The characteristics of the data packs

Certain characteristics slowed down our analysis: unclear or unavailable data dictionaries, variables repeated multiple times requiring consistency checks and outdated software formats. Conversely, some datasets following the Clinical Data Interchange Standards Consortium (CDISC) Study Data Tabulation Model⁴¹ or Analysis Data Model⁴² expedited the analysis. Datasets should be accompanied by clear data dictionaries, avoid duplicated variables and be stored in basic formats like CSV or TXT to avoid compatibility issues, or adhere to recognised standards.

The interpretation of re-identification risk scores

We found that 10% (7/70) of the datasets were labelled as anonymised, yet they contained direct identifiers (personal details), such as date of birth and participants’ initials. These datasets were included in the analysis to highlight this issue, with all their risk scores automatically set to 1, representing the worst-case scenario. Researchers must carefully cross-check their anonymised datasets with the list provided by Hrynaszkiewicz et al.²⁷ before releasing them. Certain dataset characteristics increased the risk scores, for instance, we encountered exact ages (e.g. measured in days) and dates of randomisation, which could be used to reverse-engineer dates of birth. Some datasets included the ‘Date of Death’ for participants; under the General Data Protection Regulation, personal data protection is not applicable once an individual is deceased. However, Hrynaszkiewicz et al.²⁷ recommend removing all dates unique to a participant, as this could potentially impact any living relatives. Replacing exact dates with the number of days from randomisation retains analytical value while protecting privacy.

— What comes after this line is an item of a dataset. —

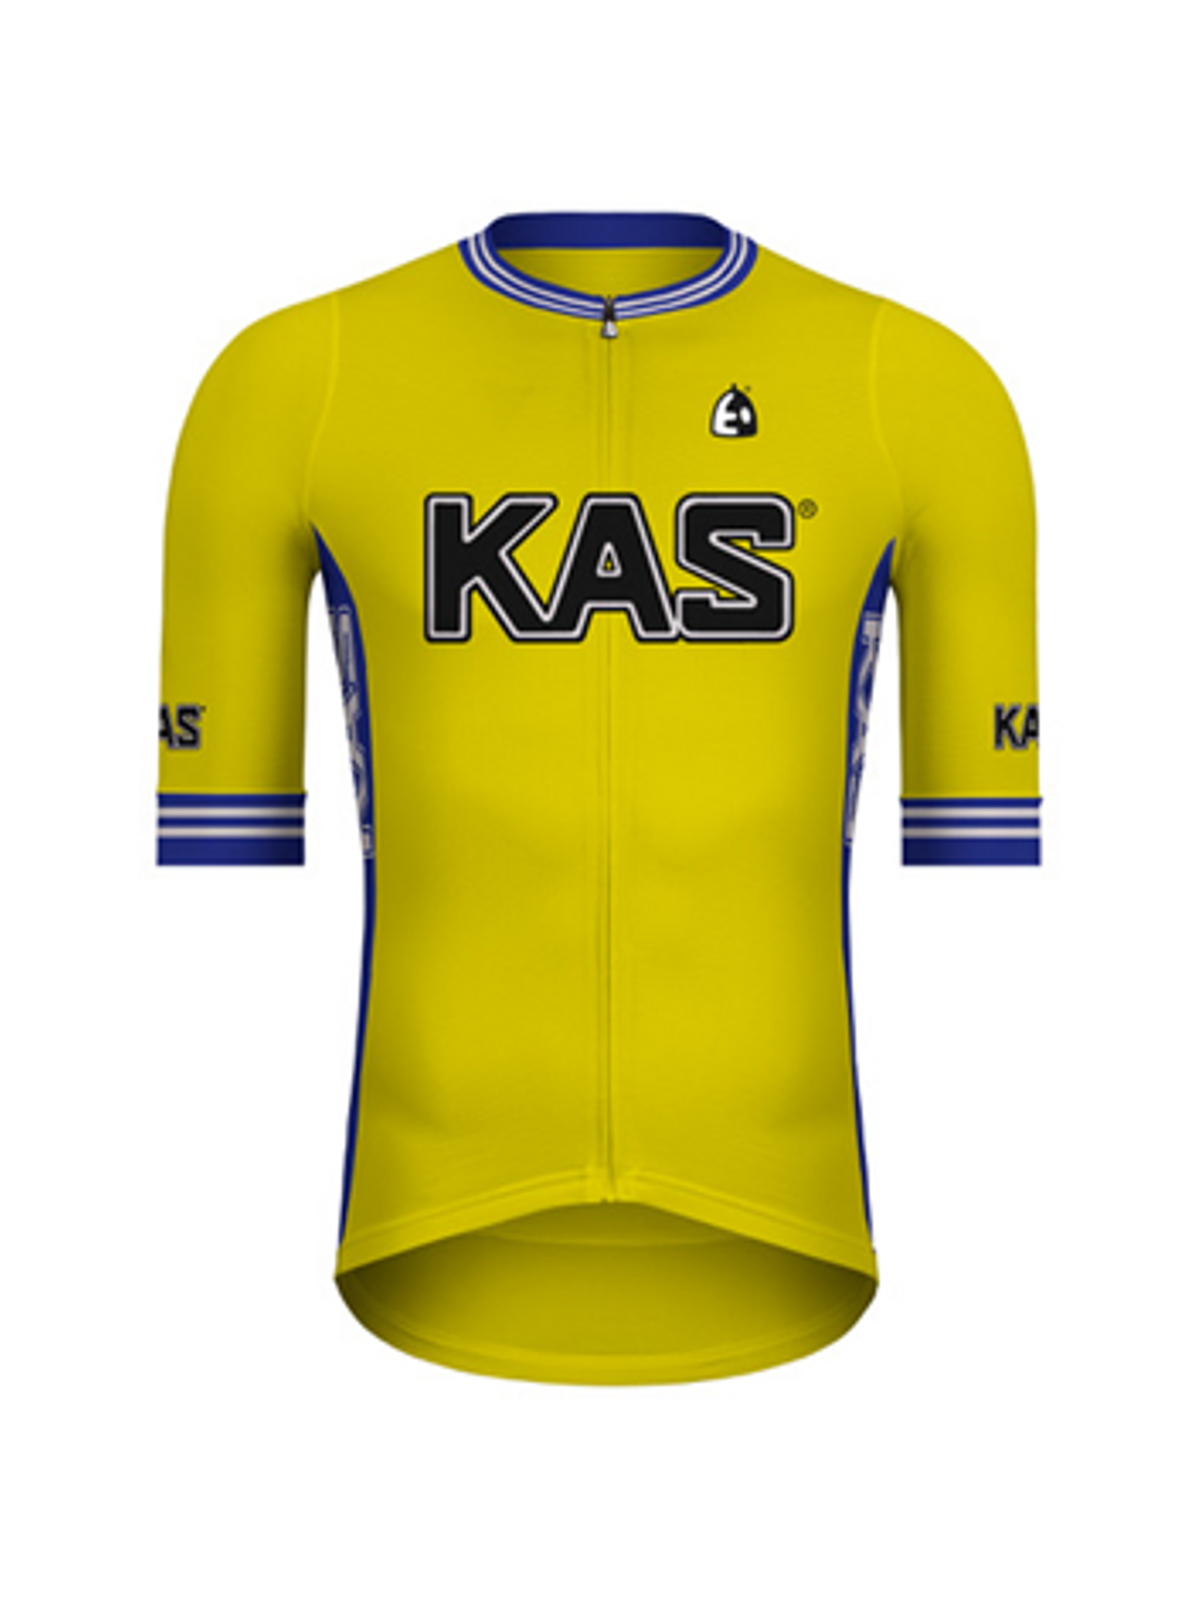 Este es el jersey ciclista que servirá para ayudar a los refugiados ucranianos.

Notably, 2.9% (2/70) of the datasets had no identifiers or only one indirect identifier, resulting in risk scores automatically set to zero. Datasets with no identifiers could be freely shared without privacy implications and are a viable option for researchers. However, even if one (or no) indirect identifier remains, a holistic check must be made. For example, one obtained dataset recorded only age, but its publication indicated that all participants were female and located in a specific region of the UK.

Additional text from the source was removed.